A class IV rapid is a scary, scary beast. Big drops in the water called bowls, where the raft just plunges down into, huge waves that slam the raft about as if it were a toy, and the loud, angry churning of the water all around, so loud you can barely hear the instructions to get your oar into the water and paddle HARD!
Then, you’re out of it and laughing, amazed that the last 30 seconds of your life were lived so intensely, but there’s no time to contemplate your success because Brock is hollering: “Okay, here we are, oars in the water on my go! WE DO NOT WANT TO GO FOR A SWIM HERE, DO YOU HEAR ME?” And then, it’s another class IV, this one bigger and nastier than the last.
I nearly came out of the boat on that one. Ass up in the air. The only thing that saved me was the ropes. The lovely, lovely ropes. I grabbed on and held on. To hell with paddling! Meanwhile, Brock is up behind us, steering us out of the rapids. The amount of physical strength such a feat must take.
I asked him after if he was done for the day. Nope. They would be going out with another group almost as soon as we got back. There was a break for lunch of about an hour. But that was it.
My hats off to them all — they are an amazing bunch of young people.
The rafting was the highlight of my trip to the mountains this time. Usually, it’s just hiking, but this time we decided to switch things up a bit.

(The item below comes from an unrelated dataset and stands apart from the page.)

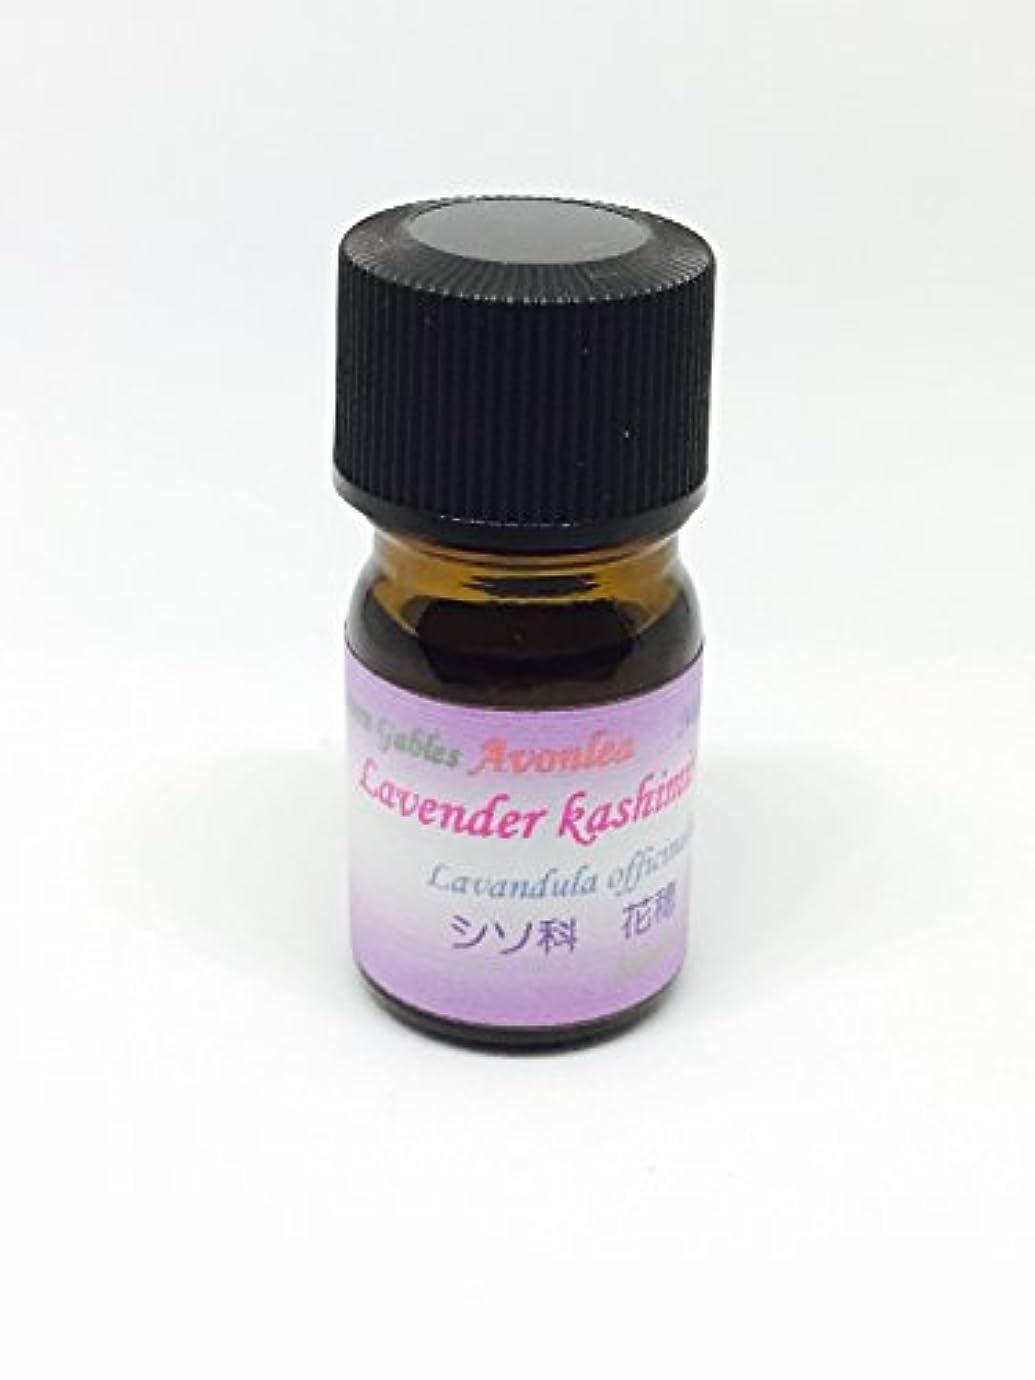 高原植物ラベンダー カシミール GⅡ 10ml 100%ピュアエッセンシャルオイル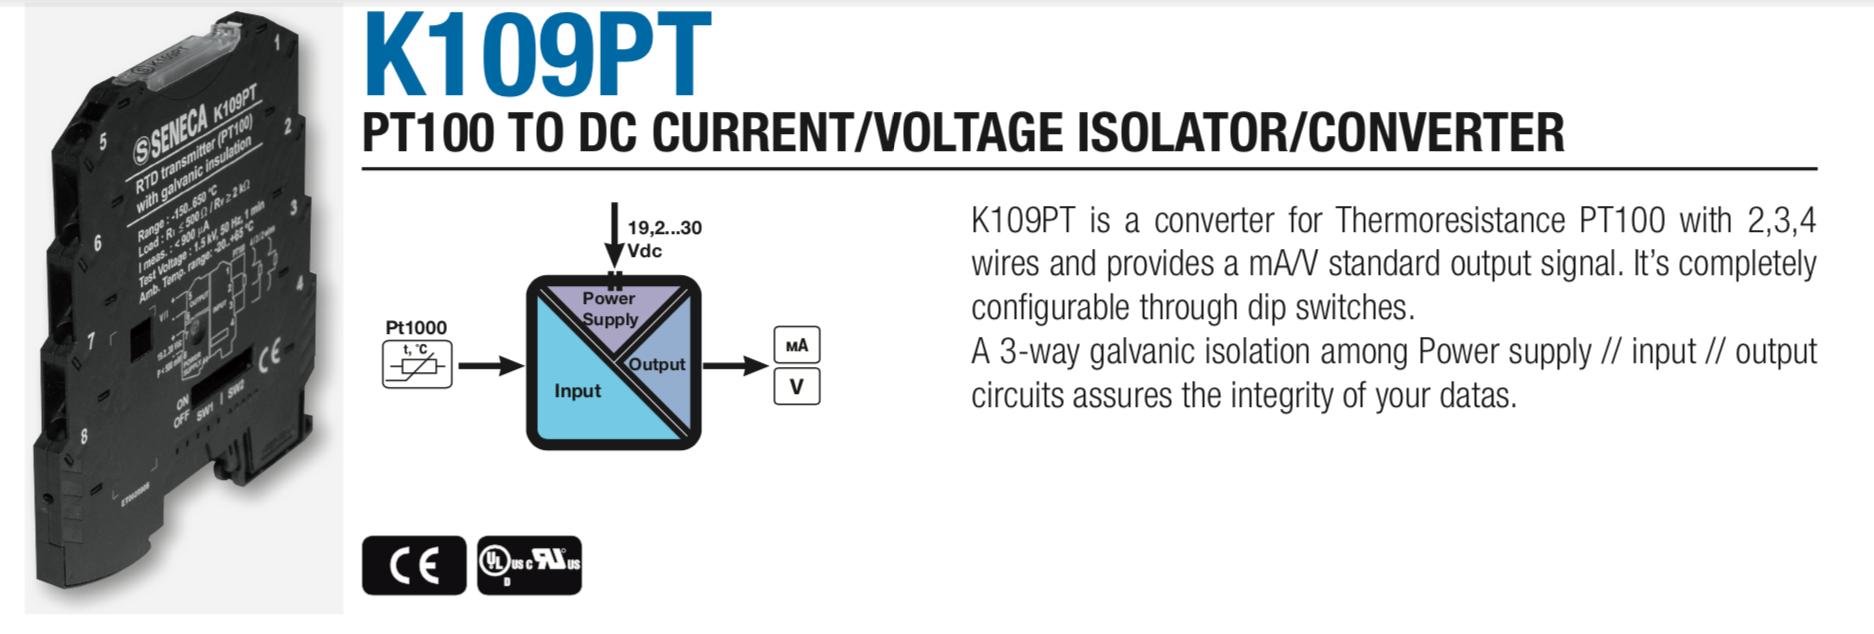 Bộ chuyển đổi nhiệt độ gắn tủ điện K109PT

Our first day we drove to Field, B.C., where we stayed with some friends of Heather’s. Wonderful people. We drove up to Takkakaw Falls and got soaked, partly because of the mist spraying off the falls, (which are beautiful) but mostly because of the rain.
Rain has plagued us now for nearly two weeks. Straight. We are sick of it. We had hoped that up in the mountains it would be drier and more summer-like. But, no. It was overcast and rainy most of the time. We did not let that dampen (ha ha) our spirits or our plans. Albertans, Canadians, in general, are an intrepid bunch. Especially as our summers are so damned short.
Sunshine or not, temps barely in the teens or not, we are going to get out there and enjoy ourselves.
After the rafting, we had a couple of hours of down time and then we headed into Banff to pick up our hot springs tickets and to go for our trail ride. It was a lovely ride, a bit cool, and unfortunately a nose to tail affair, but really, quite lovely to trek on horseback into the mountains.
We’ve decided that our next adventure just might be a 3 or 4 day horseback trip into the back country. I think that would be fun. But I’ll have to really take some strong measures to stretch and stretch and stretch. My knees and groin tendons were just screaming after two hours on the back of a horse.
Sunday, we drove back into Banff for a small hike around Johnson Lake and then a soak in
the Banff Hot Springs. It was lovely. But, I have to say I do prefer the hot springs at Miette over the ones at Banff. Up at Miette you are surrounded by mountains, at Banff you’ve got a view of one mountain and then the hotel. Just not the same experience.
Monday, Heather and I got up and left Lynn who had to return to work that day and drove through the mountains via the Columbia
Highway and then into Jasper. We stopped at Mount Edith Cavell for a short hike around the base of the Angel Wing Glacier, and oohed and aahed over the lovely alpine flowers.
The glacier put on a grand show by delivering a number of avalanches down onto the tail that hangs above the foot of the glacier and the glacier pond below. Was quite amazing to watch. The sound was like a freight train or jet flying very low overhead. Then there would be a massive crack and the snow would cascade down over the rock face. Very beautiful.
So, now, I’m back at home. My mini vacation is over. I’ve got a bazillion things to do and time is flying by.
Hope everyone is enjoying this break. Let’s all pray for sunshine and summer weather!